TASK REQUIREMENTS: Output the data below exactly, images excluded.

Excerpts from a dataset:
• • • • • • •

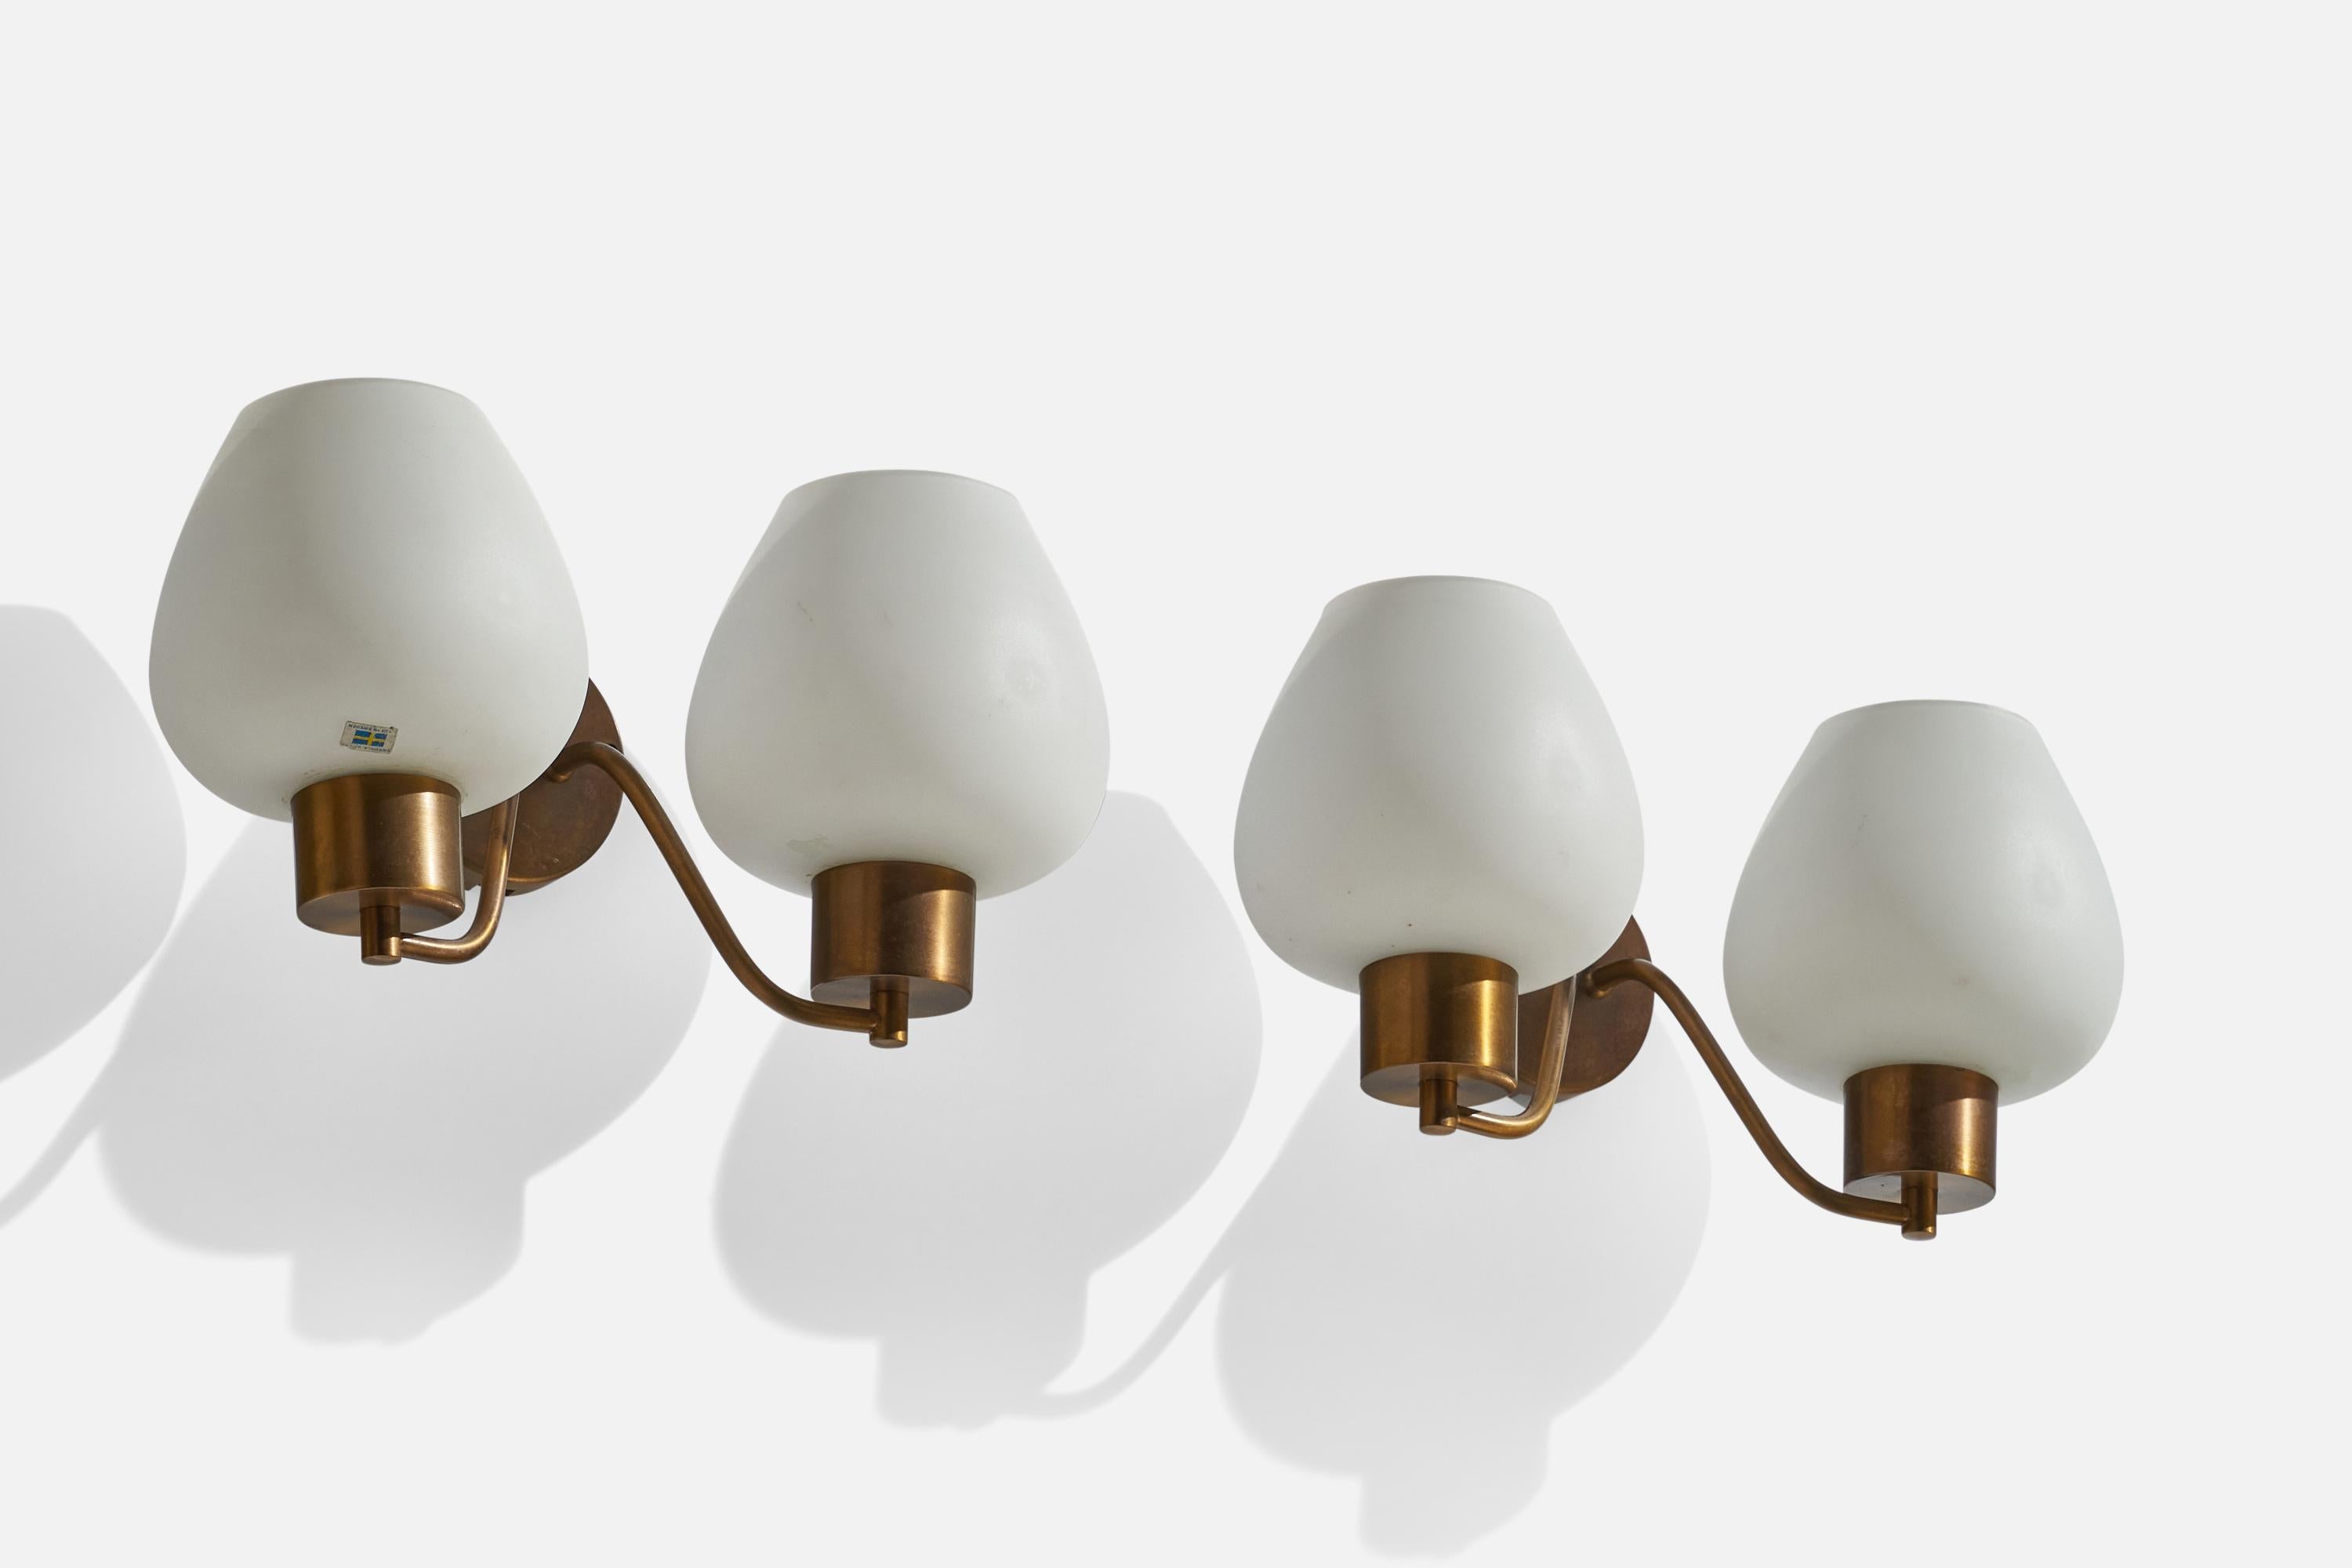 A pair of brass and opaline glass wall lights designed and produced Rosdala Glas, Sweden, c. 1970s.

Overall Dimensions (inches): 8.5”  H x 16”  W x 8” D
Back Plate Dimensions (inches): 4” H x 4”  W x .75” D
Bulb Specifications: E-26 Bulb
Number of

• • • • • • •

ANSWER TO THIS PROBLEM:
 A pair of brass and opaline glass wall lights designed and produced Rosdala Glas, Sweden, c. 1970s.

Overall Dimensions (inches): 8.5”  H x 16”  W x 8” D
Back Plate Dimensions (inches): 4” H x 4”  W x .75” D
Bulb Specifications: E-26 Bulb
Number of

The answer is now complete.